◆ About this exercise
Everything in the records below from the line containing "Tuned Lamborghini Gallardo" through the line containing "Obývací pokoj podkrovního" is to be reproduced exactly, those two lines included; no picture is to be copied.

◆ Input material
● ● ●

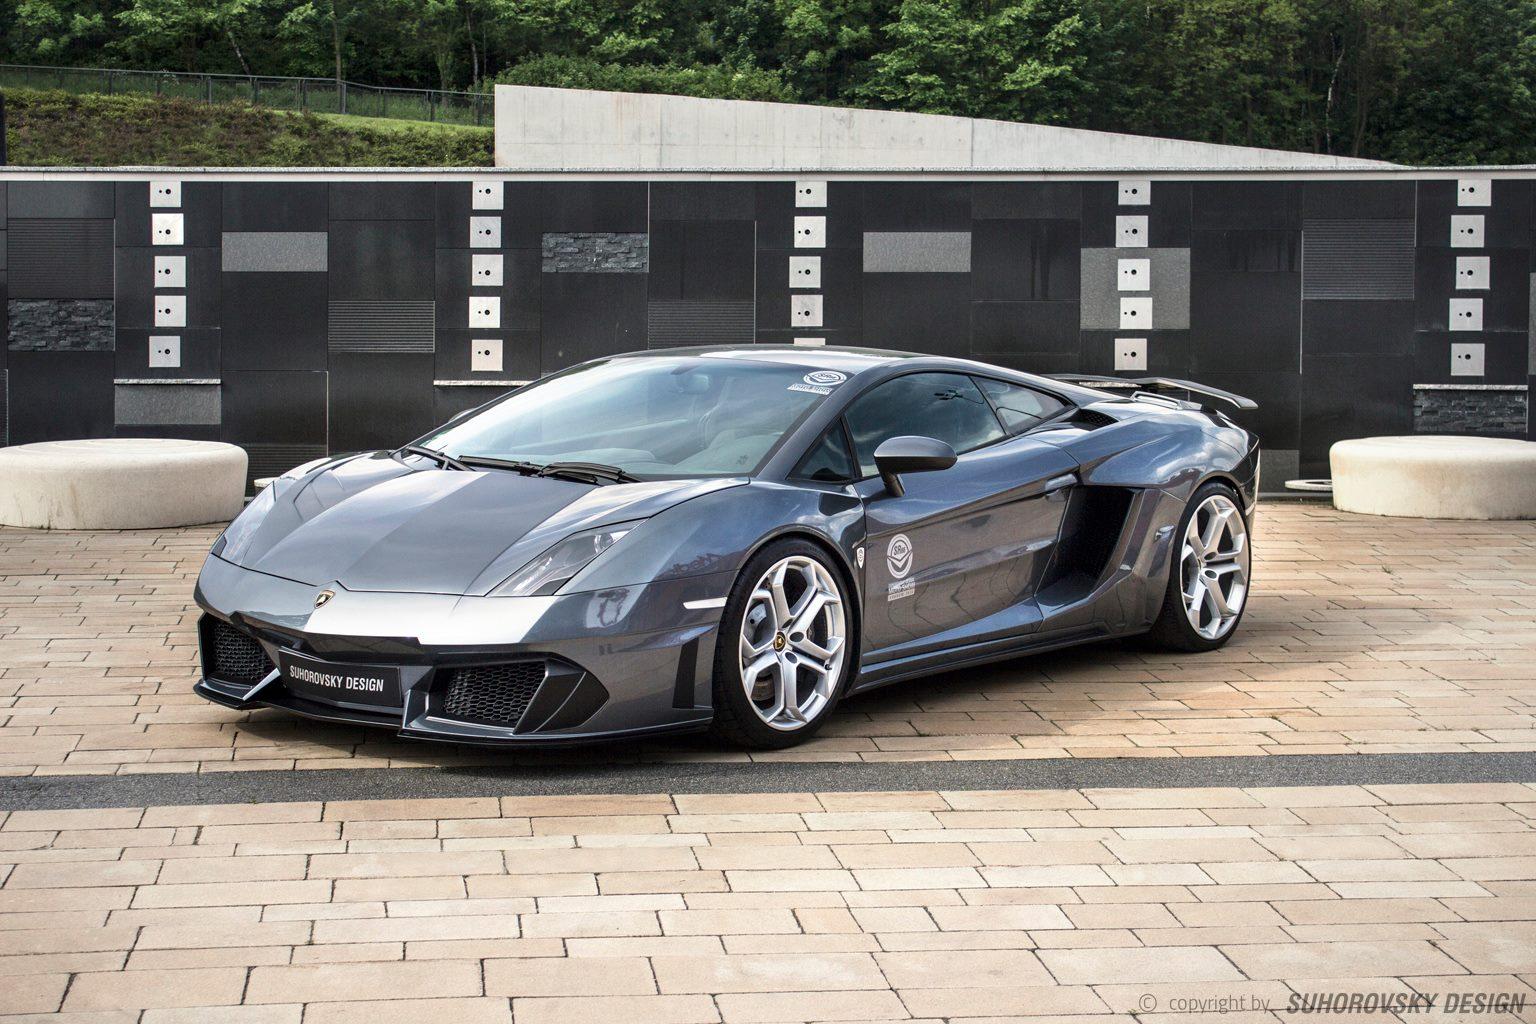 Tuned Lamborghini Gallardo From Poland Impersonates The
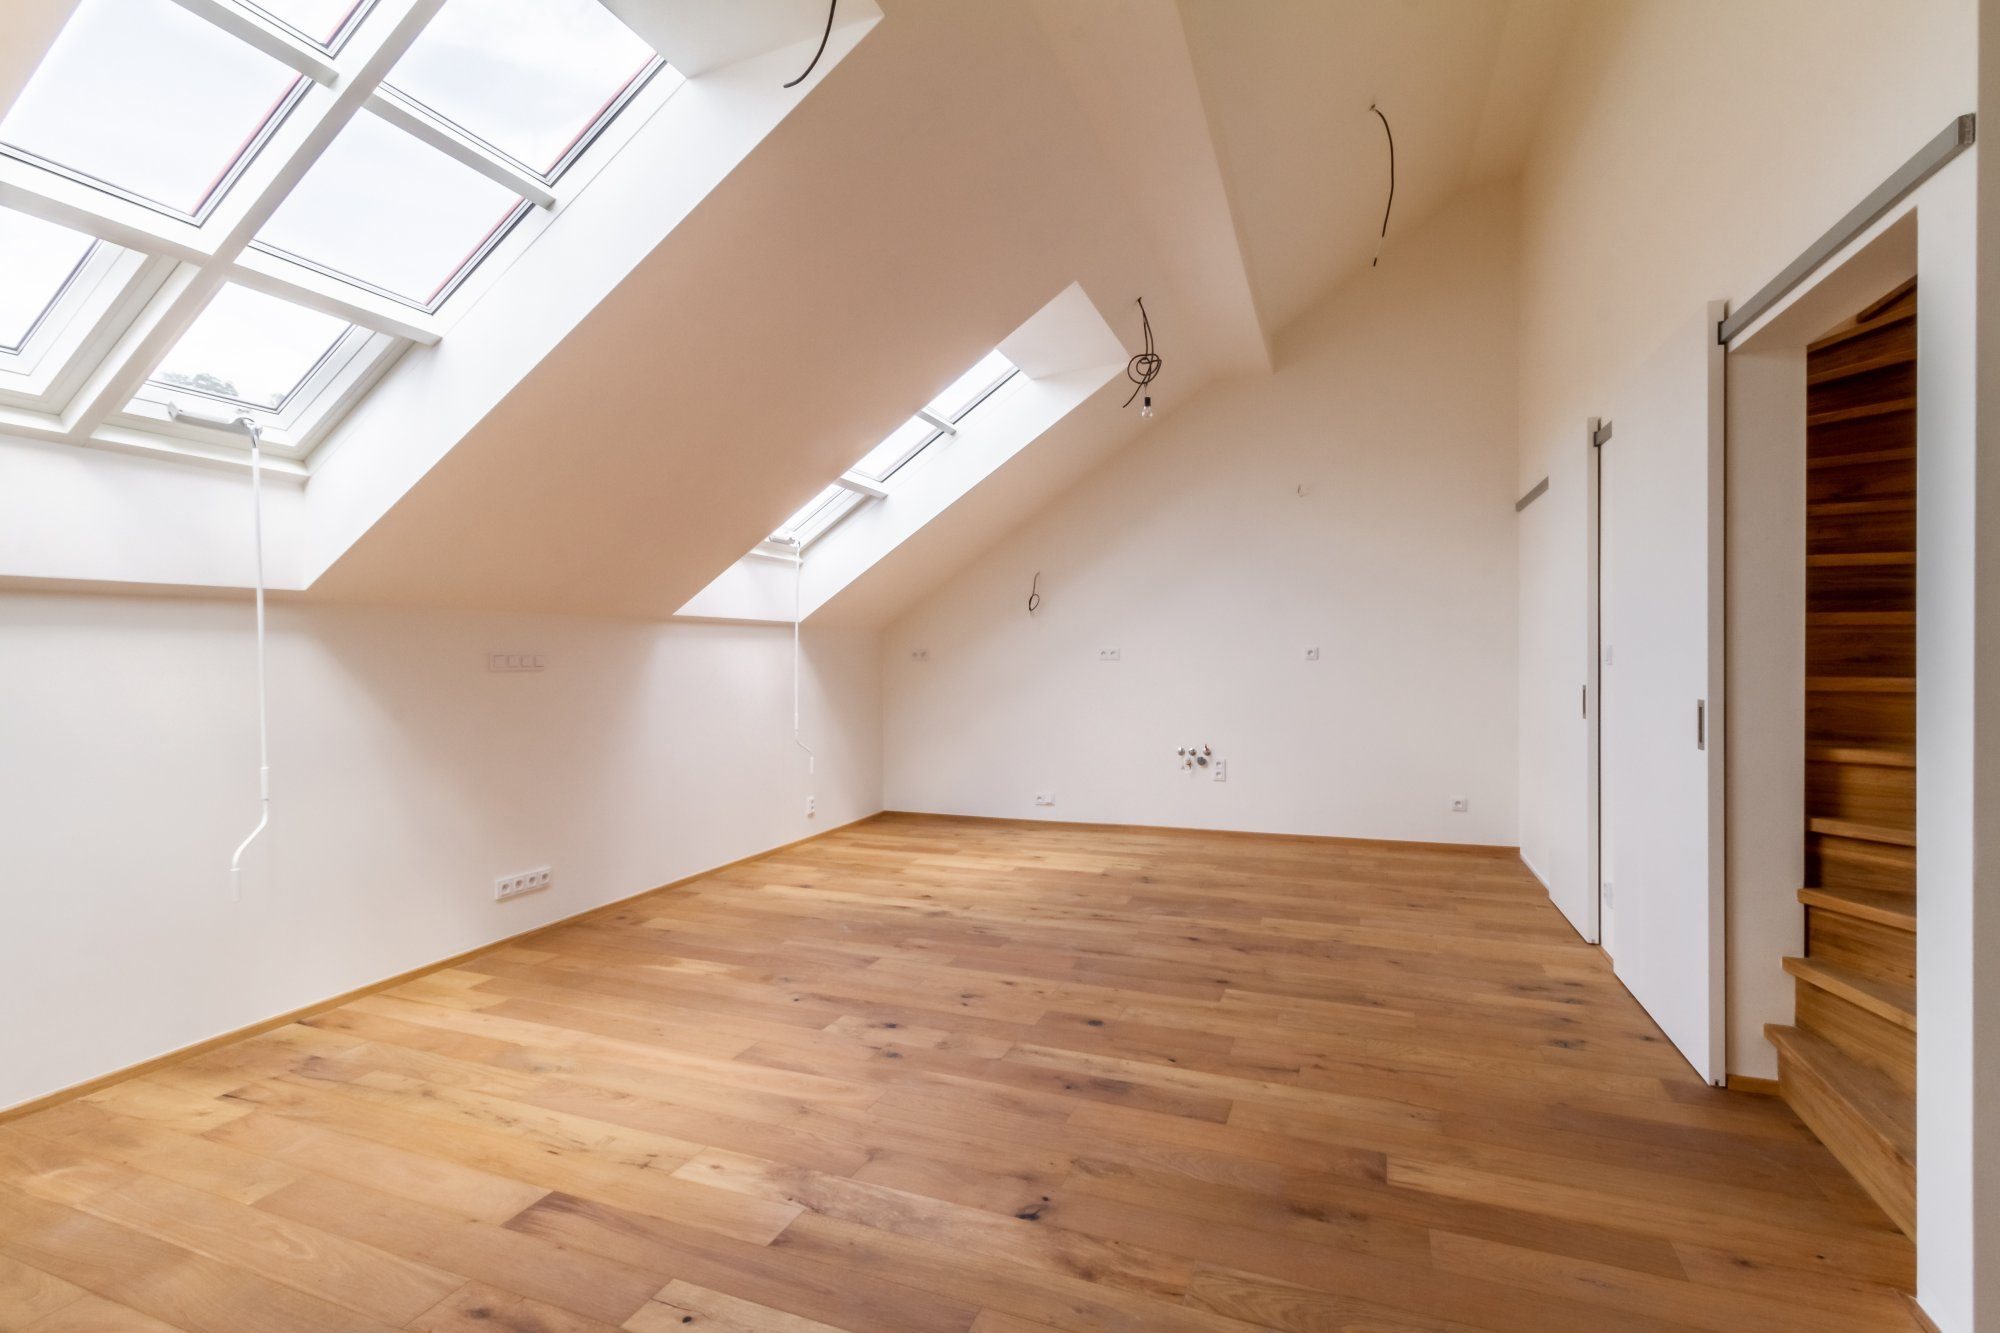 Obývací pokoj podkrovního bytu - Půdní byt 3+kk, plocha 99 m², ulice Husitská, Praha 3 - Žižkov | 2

● ● ●

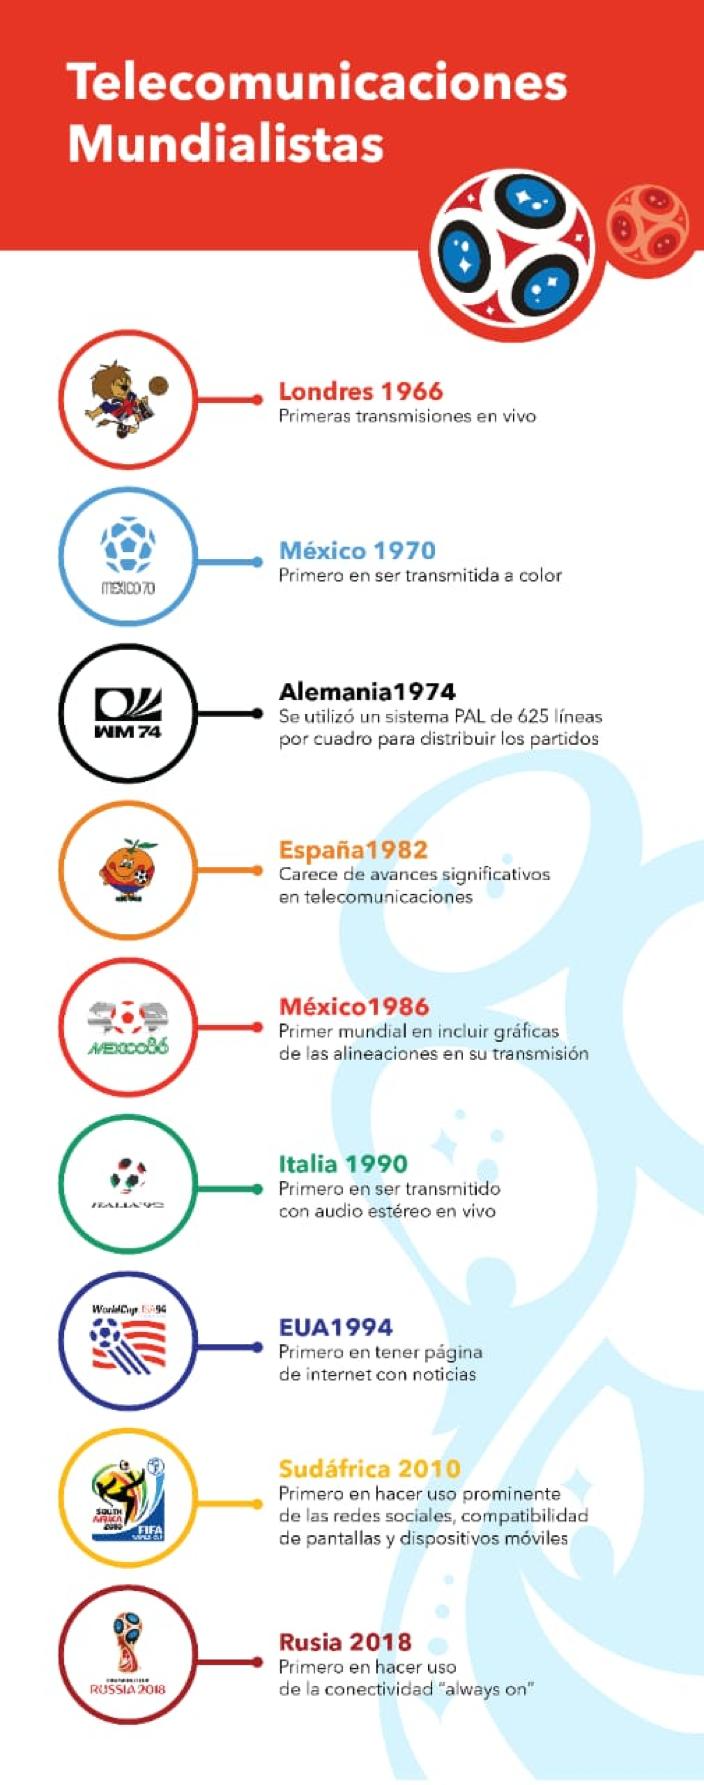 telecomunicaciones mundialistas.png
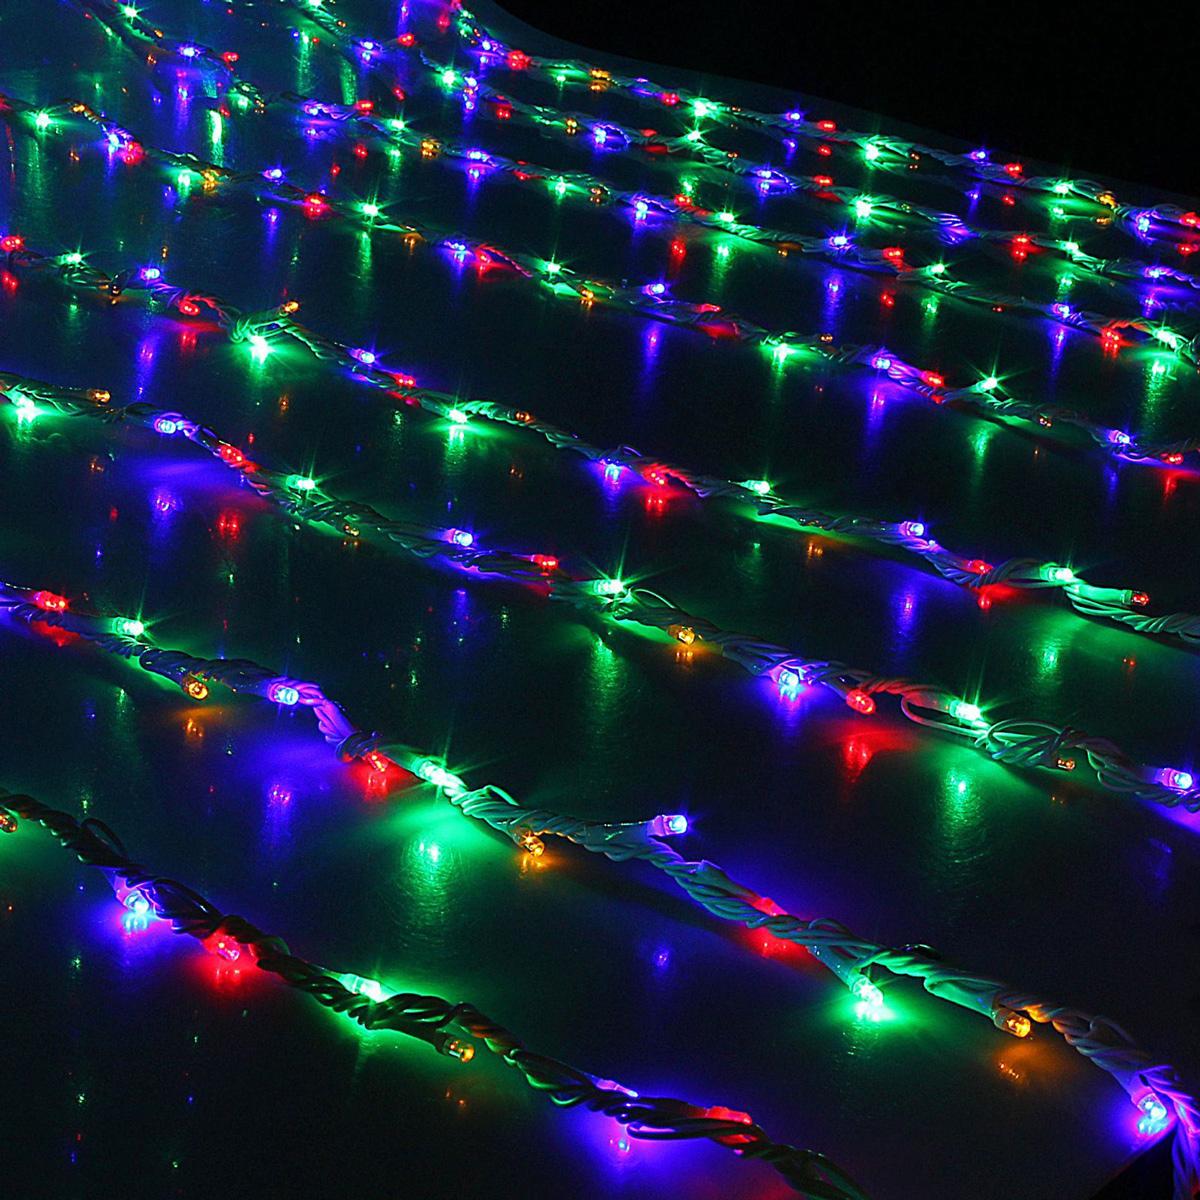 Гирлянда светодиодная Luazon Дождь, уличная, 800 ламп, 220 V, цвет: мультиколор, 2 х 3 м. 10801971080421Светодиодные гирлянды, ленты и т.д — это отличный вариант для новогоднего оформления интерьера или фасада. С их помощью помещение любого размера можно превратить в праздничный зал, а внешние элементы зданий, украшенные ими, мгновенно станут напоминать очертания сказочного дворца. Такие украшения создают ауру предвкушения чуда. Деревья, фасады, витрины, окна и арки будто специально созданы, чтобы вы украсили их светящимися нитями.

● ● ●

◆ Solved problem
 Tuned Lamborghini Gallardo From Poland Impersonates The
 Obývací pokoj podkrovního bytu - Půdní byt 3+kk, plocha 99 m², ulice Husitská, Praha 3 - Žižkov | 2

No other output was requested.